To enable continuous data export, create an external table and then create a continuous export definition pointing to the external table.

Note

All continuous export commands require database admin permissions.

Continuous export guidelines

  • Output schema:
    • The output schema of the export query must match the schema of the external table to which you export.
  • Frequency:
    • Continuous export runs according to the time period configured for it in the intervalBetweenRuns property. The recommended value for this interval is at least several minutes, depending on the latencies you're willing to accept. The time interval can be as low as one minute, if the ingestion rate is high.

Note

The intervalBetweenRuns serves as a recommendation only, and isn't guaranteed to be precise. Continuous export isn't suitable for exporting periodic aggregations. For example, a configuration of intervalBetweenRuns=1h with an hourly aggregation (T | summarize by bin(Timestamp, 1h)) won't work as expected, since the continuous export won't run exactly on-the-hour. Therefore, each hourly bin will receive multiple entries in the exported data.

  • Number of files:
    • The number of files exported in each continuous export iteration depends on how the external table is partitioned. For more information, see export to external table command. Each continuous export iteration always writes to new files, and never appends to existing ones. As a result, the number of exported files also depends on the frequency in which the continuous export runs. The frequency parameter is intervalBetweenRuns.
  • External table storage accounts:
    • For best performance, the Azure Data Explorer cluster and the storage account(s) should be colocated in the same Azure region.
    • Continuous export works in a distributed manner, such that all nodes in the cluster are exporting concurrently. On large clusters, and if the exported data volume is large, this might lead to storage throttling. It's recommended to configure multiple storage accounts for the external table. See storage failures during export commands for more details.

Exactly once export

To guarantee "exactly once" export, continuous export uses database cursors. The continuous export query shouldn't include a timestamp filter - the database cursors mechanism ensures that records aren't processed more than once. Adding a timestamp filter in the query can lead to missing data in exported data.

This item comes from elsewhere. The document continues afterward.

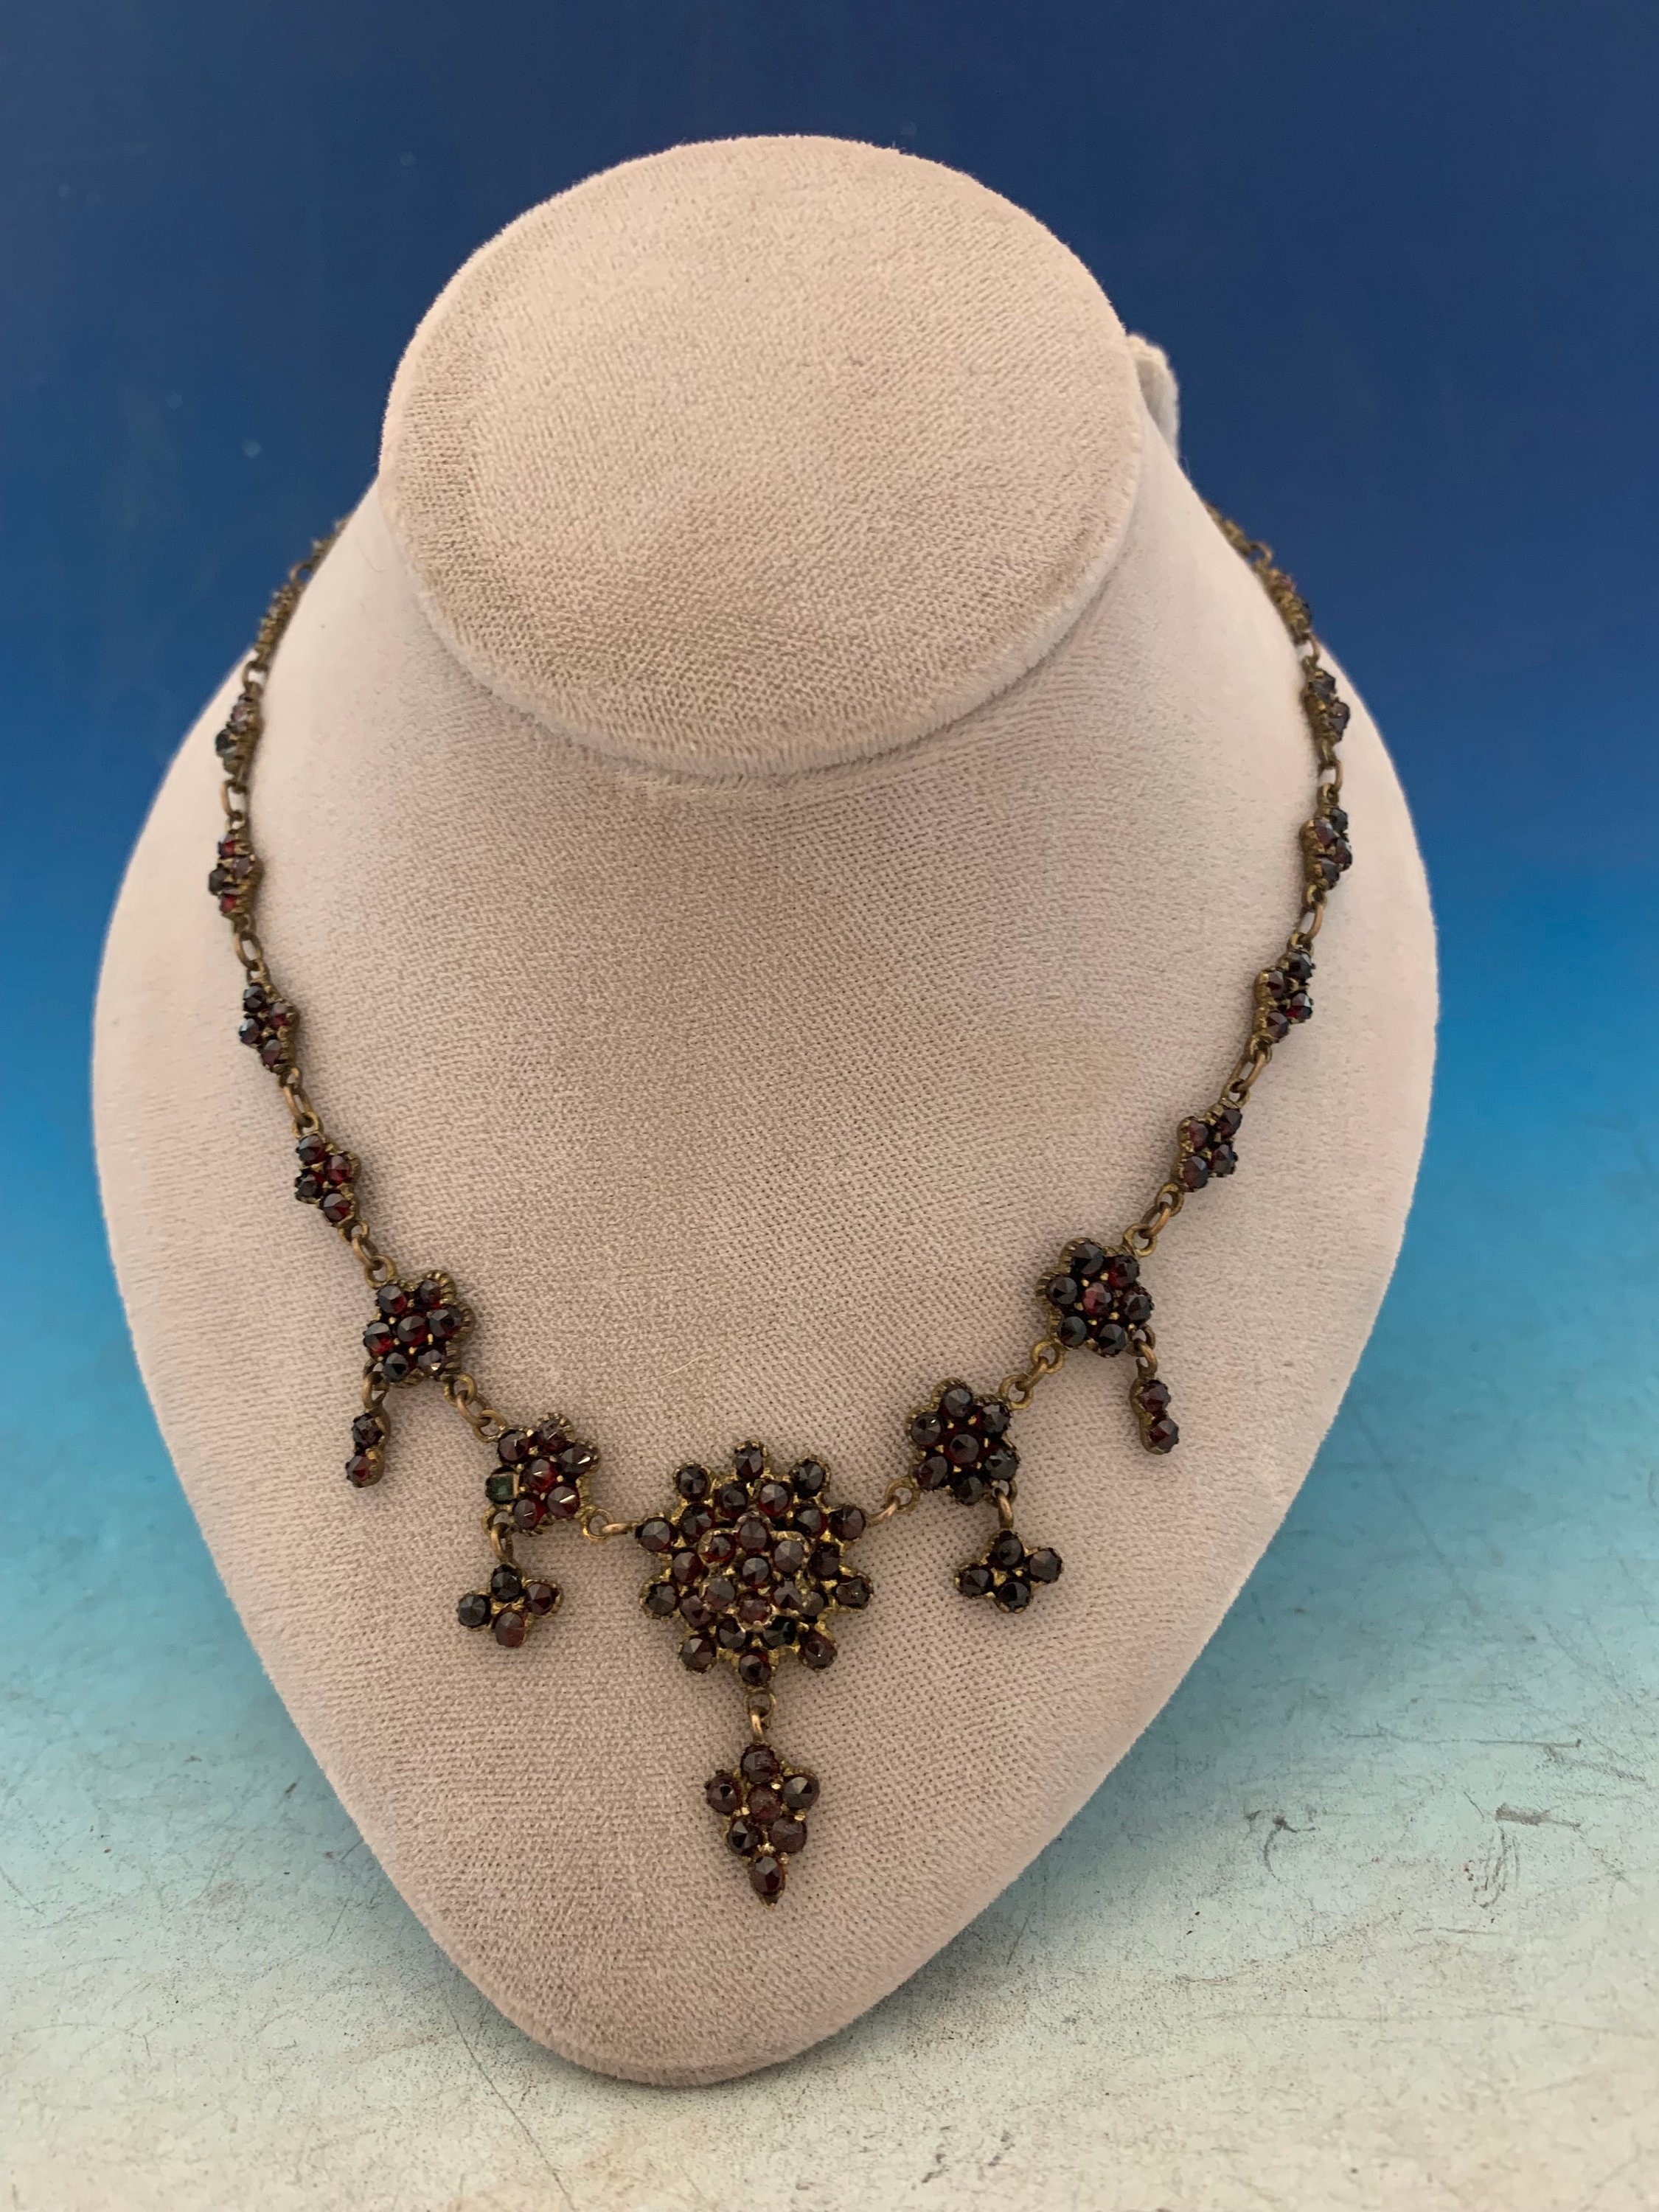 Antique Bohemian Garnet Necklace Rose Cut Stones From Czechoslovakia 1900  Am Double Gold Plated - Etsy

IngestionTime policy must be enabled on all tables referenced in the query that should be processed "exactly once" in the export. The policy is enabled by default on all newly created tables.

The guarantee for "exactly once" export is only for files reported in the show exported artifacts command. Continuous export doesn't guarantee that each record will be written only once to the external table. If a failure occurs after export has begun and some of the artifacts were already written to the external table, the external table may contain duplicates. If a write operation was aborted before completion, the external table may contain corrupted files. In such cases, artifacts aren't deleted from the external table, but they won't be reported in the show exported artifacts command. Consuming the exported files using the show exported artifacts command guarantees no duplications and no corruptions.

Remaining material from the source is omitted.